**HOW TO COMPLETE THIS TASK**
When you reach the line that contains "Lights by patti.sebilian" in the data below, start reproducing lines exactly, and stop after the line that contains "Venus vinh dự".

**RECORD SET**
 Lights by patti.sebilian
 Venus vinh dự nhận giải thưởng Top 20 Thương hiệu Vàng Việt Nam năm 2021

---

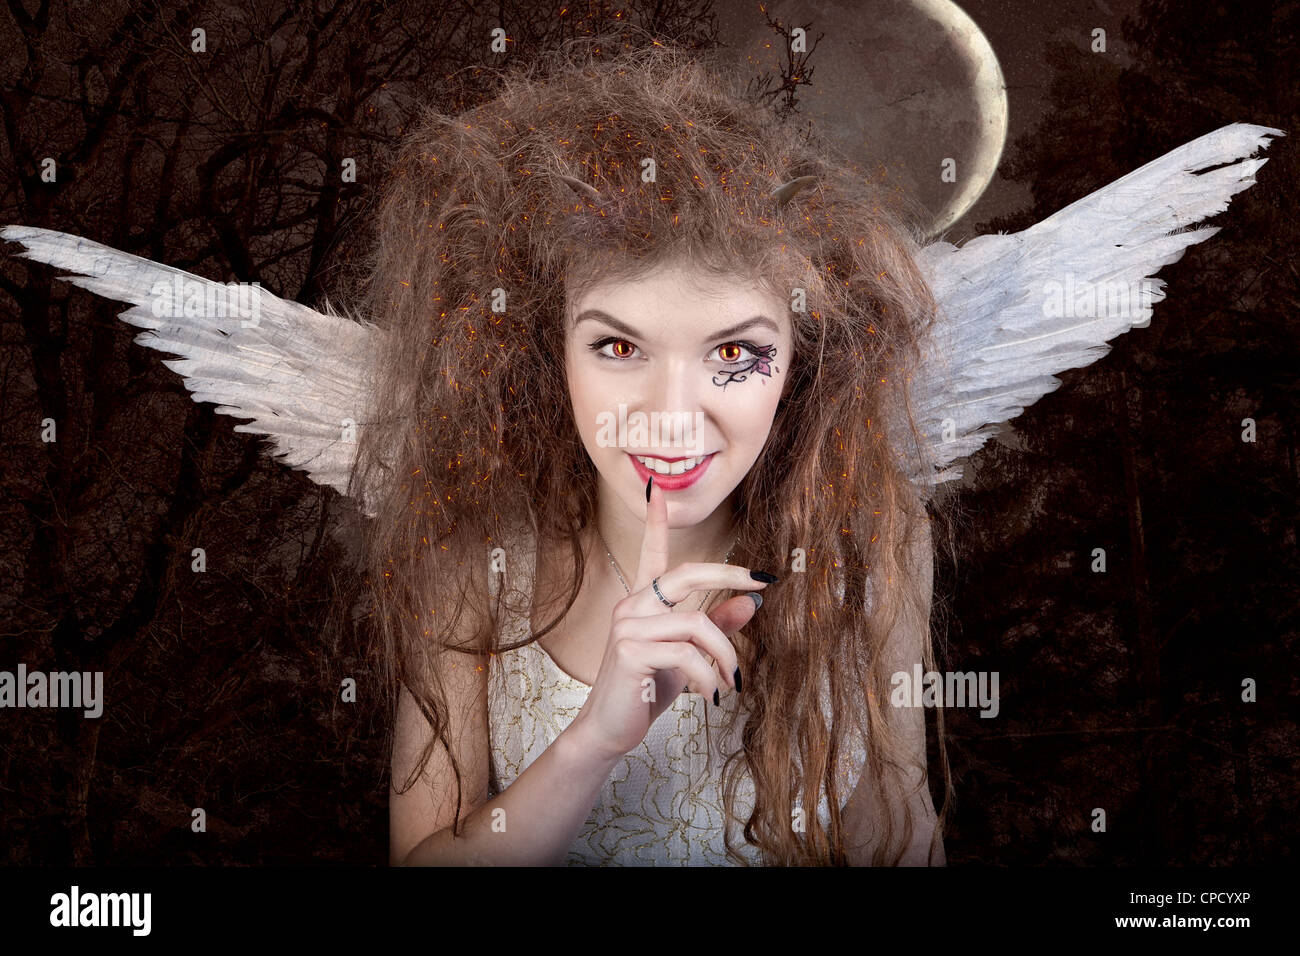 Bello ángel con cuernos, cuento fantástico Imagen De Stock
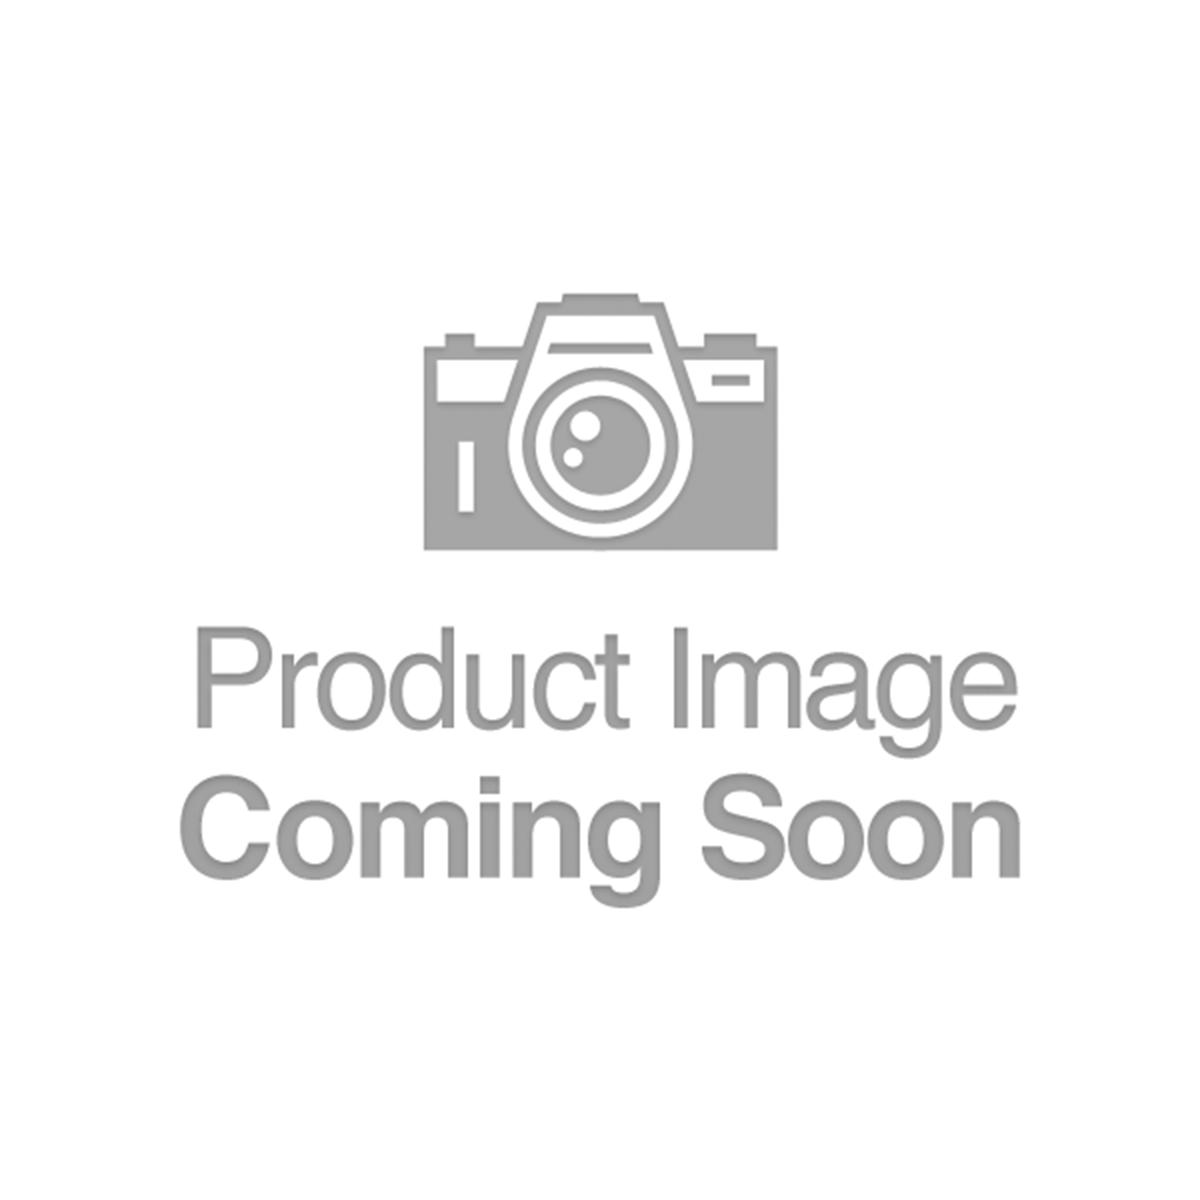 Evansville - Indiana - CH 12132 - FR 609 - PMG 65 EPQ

**TASK OUTPUT**
 Lights by patti.sebilian
 Venus vinh dự nhận giải thưởng Top 20 Thương hiệu Vàng Việt Nam năm 2021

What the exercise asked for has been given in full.